Patients will receive a Survivorship Care Plan (SCP), history and physical, review of diagnostics, management of treatment-related toxicities, discussion of health maintenance (e.g., exercise, diet, substance use, sexual health, etc.), and assessment of any issues related to uncertainty (e.g., fear, depression, anxiety). Patients are referred to other specialists as needed, including nutrition, the UNC Adolescent and Young Adult Program, UNC Comprehensive Cancer Support Program, among others. This clinic is a nurse practitioner-led clinic, coordinated by Mary Dunn, NP.

Rare Cancers

Ureteral, urethral, renal pelvis, penile, adrenal, and other rare subtypes of bladder, kidney, prostate cancer, and testicular cancer. Our treatment of these cancers is guided by best available clinical and biologic evidence and tailored to each patient. In addition, clinical trials may be available for rare genitourinary cancer types.


Our Team

Our team is organized around the multidisciplinary urologic oncology program. The program is composed of all clinicians, from all related specialties, with a shared passion to provide compassionate, state-of-the-art care for patients with genitourinary cancers. It includes urologic oncology, radiation oncology, radiology, pathology, medical oncology, pharmacy, nursing, and palliative care.
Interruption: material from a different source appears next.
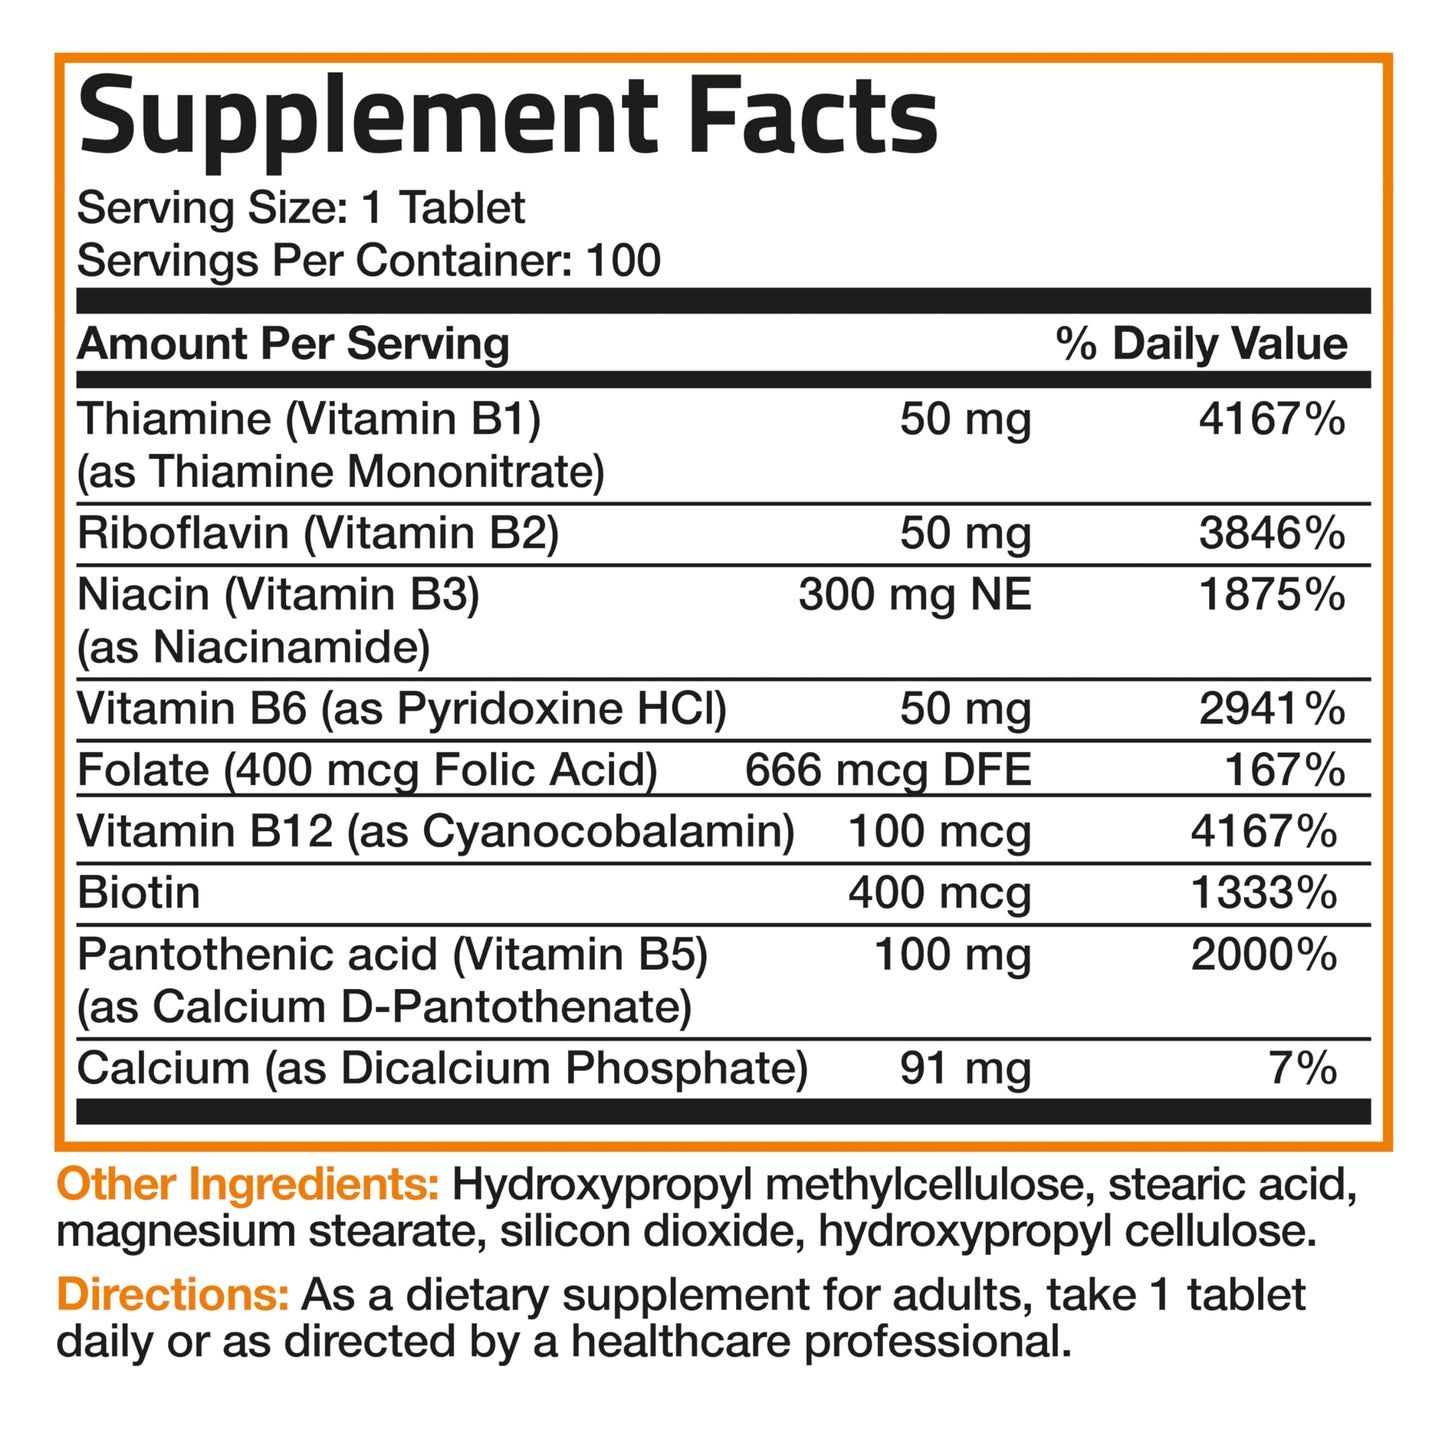 Bronson Super B Vitamin B Complex Sustained Slow Release (Vitamin B1, B2, B3, B6, B9 - Folic Acid, B12) Contains All B Vitamins 100 Tablets
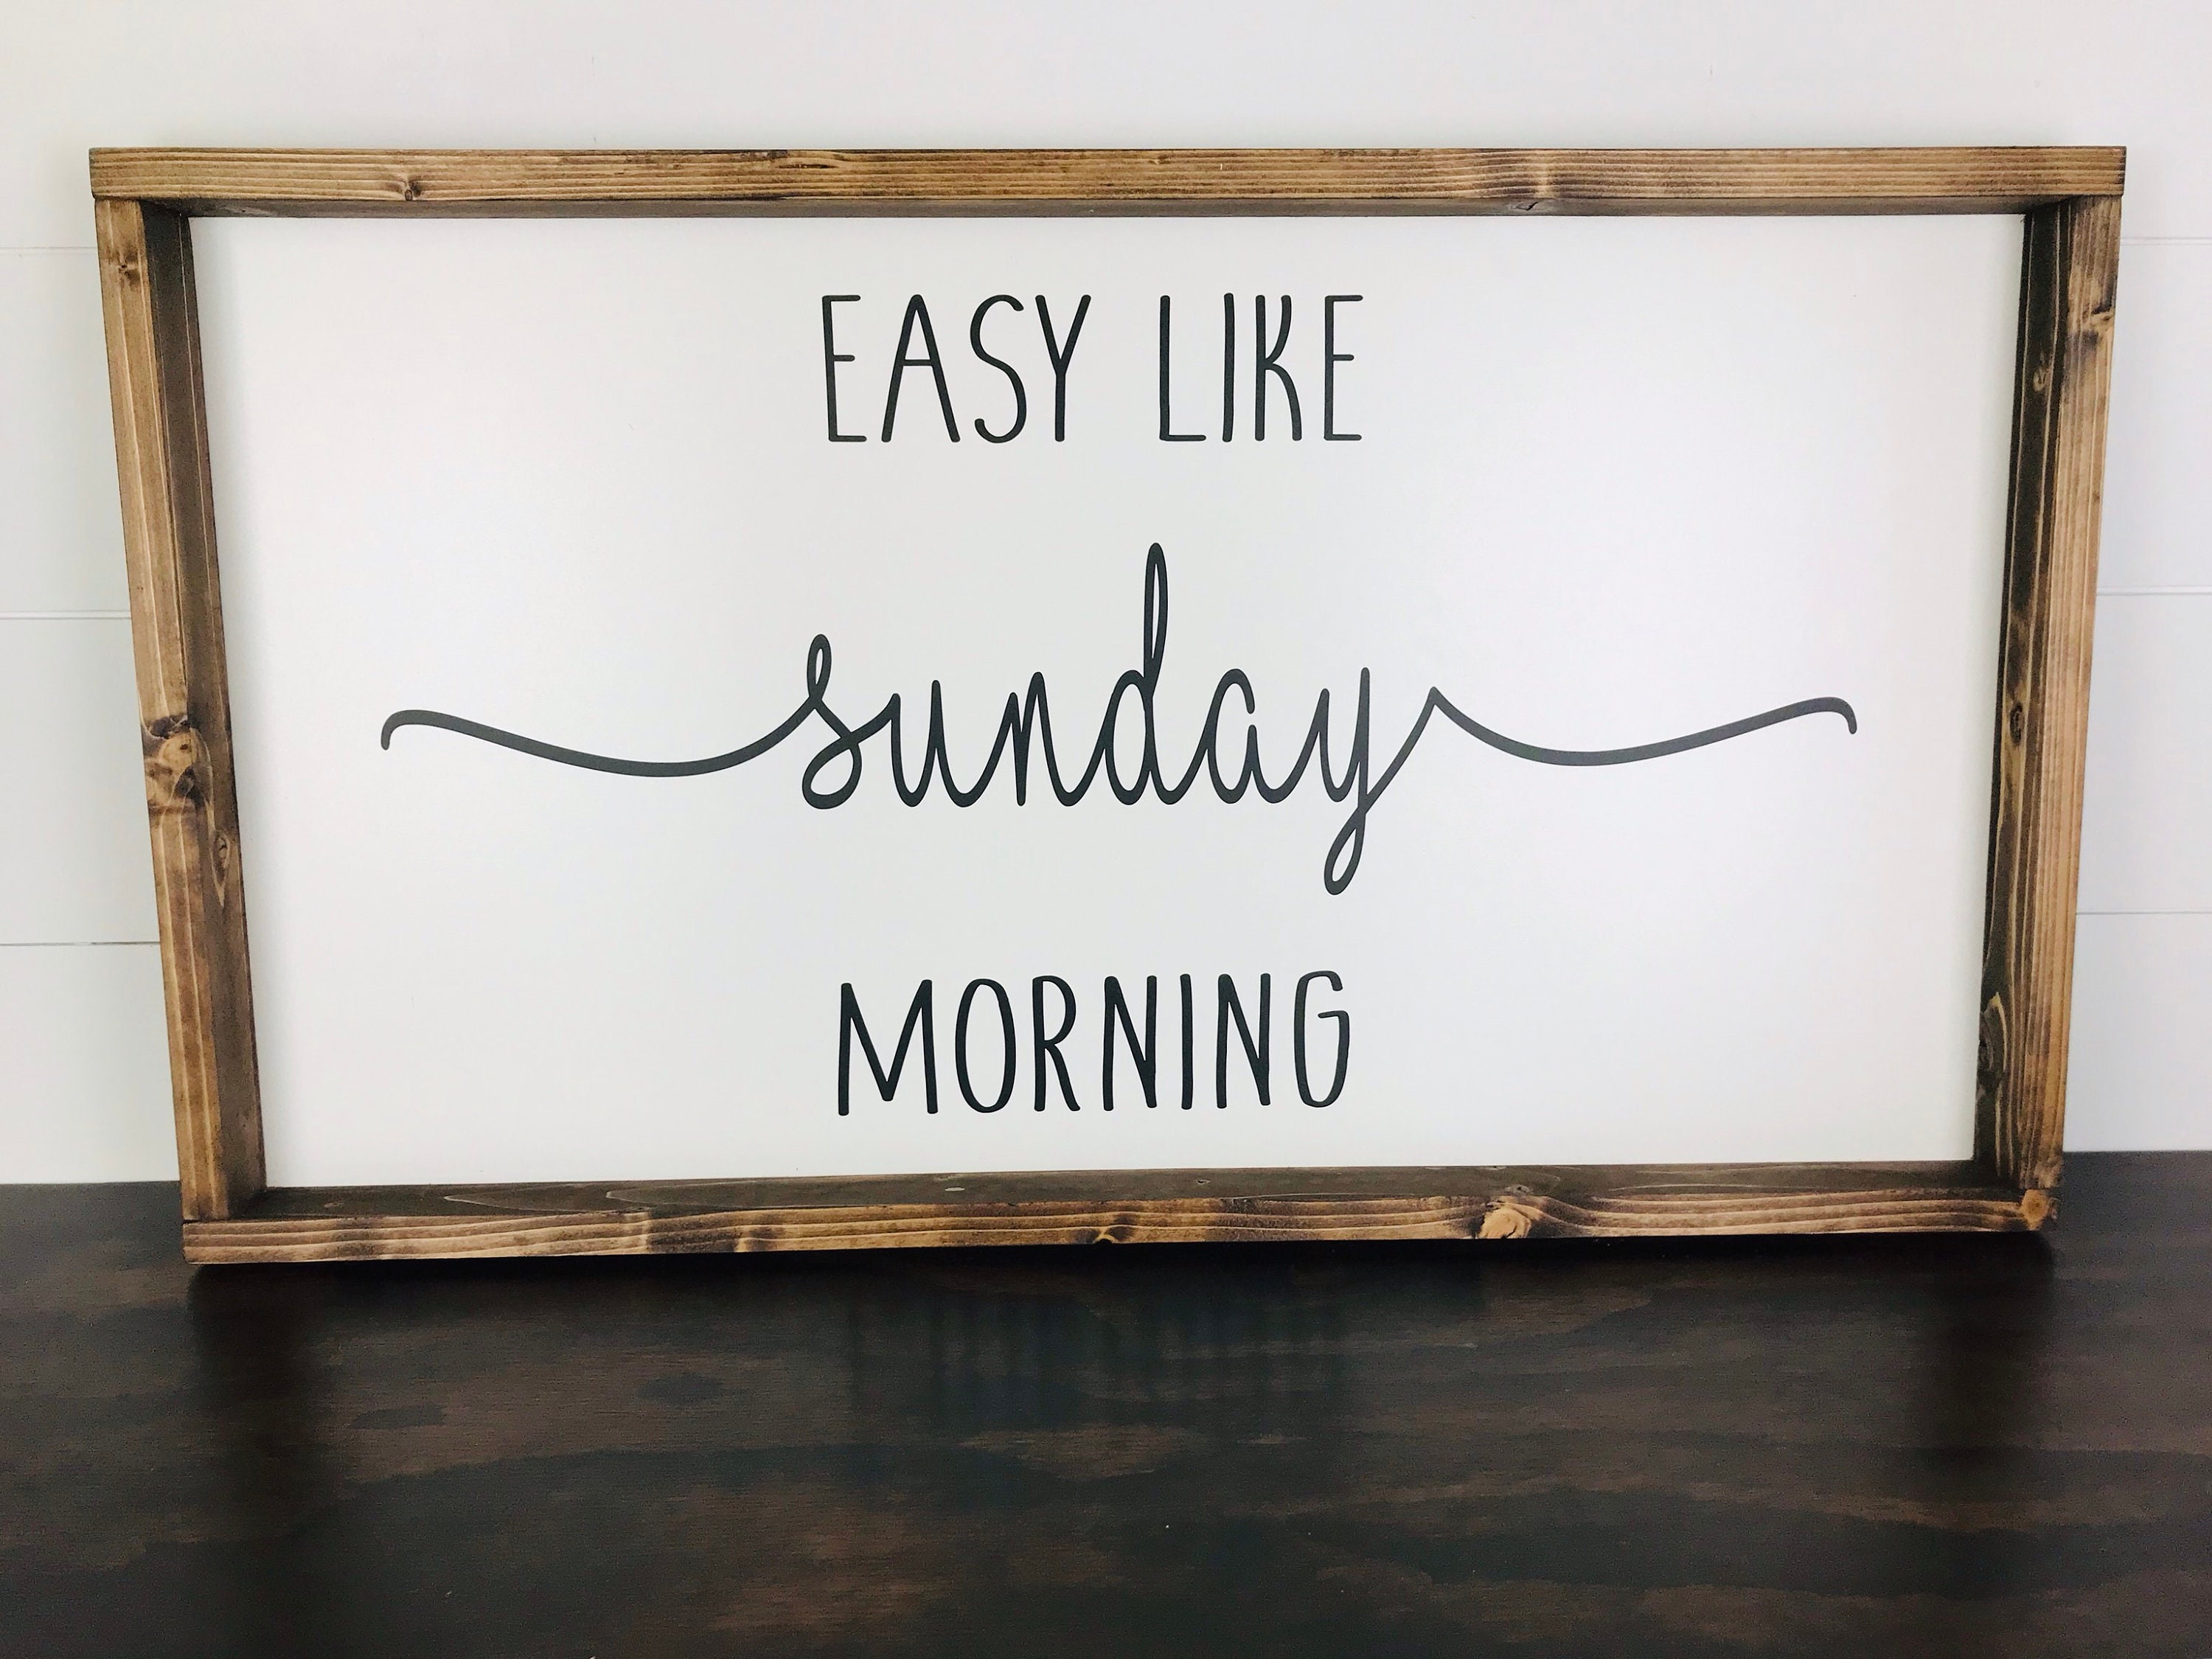 Easy like Sunday morning. Sunday morning Wood. Quote sign. Easy like go

The multidisciplinary urologic oncology program meets every Thursday afternoon to discuss new patient visits. We believe strongly that this collaborative approach, with everyone reviewing and discussing imaging, pathology and other data together improves care. We have also physically structured our clinics so that we all see patients in the same space at the same time. We believe that this facilitates interdisciplinary discussions, improves care, and provides an opportunity for patients to learn about the potential treatment options at a single visit.

Nurse Navigators

Nurse navigators allow us to bring to bear the powerful resources of a large and complex program, with a single point of contact for patients and their families. Nurse navigators provide supportive care, patient counseling, and care coordination.

Clinical Pharmacy Services

Pharmacists are an integral part of multidisciplinary care for patients with cancer. They provide important education for patients and caregivers at the beginning of a new treatment. They also meet regularly with the patients and caregivers in collaboration with the providers to monitor and manage side effects associated with cancer therapies. Pharmacists are also vital in identifying key medication interactions and providing recommendations for dose modifications based on patient specific factors.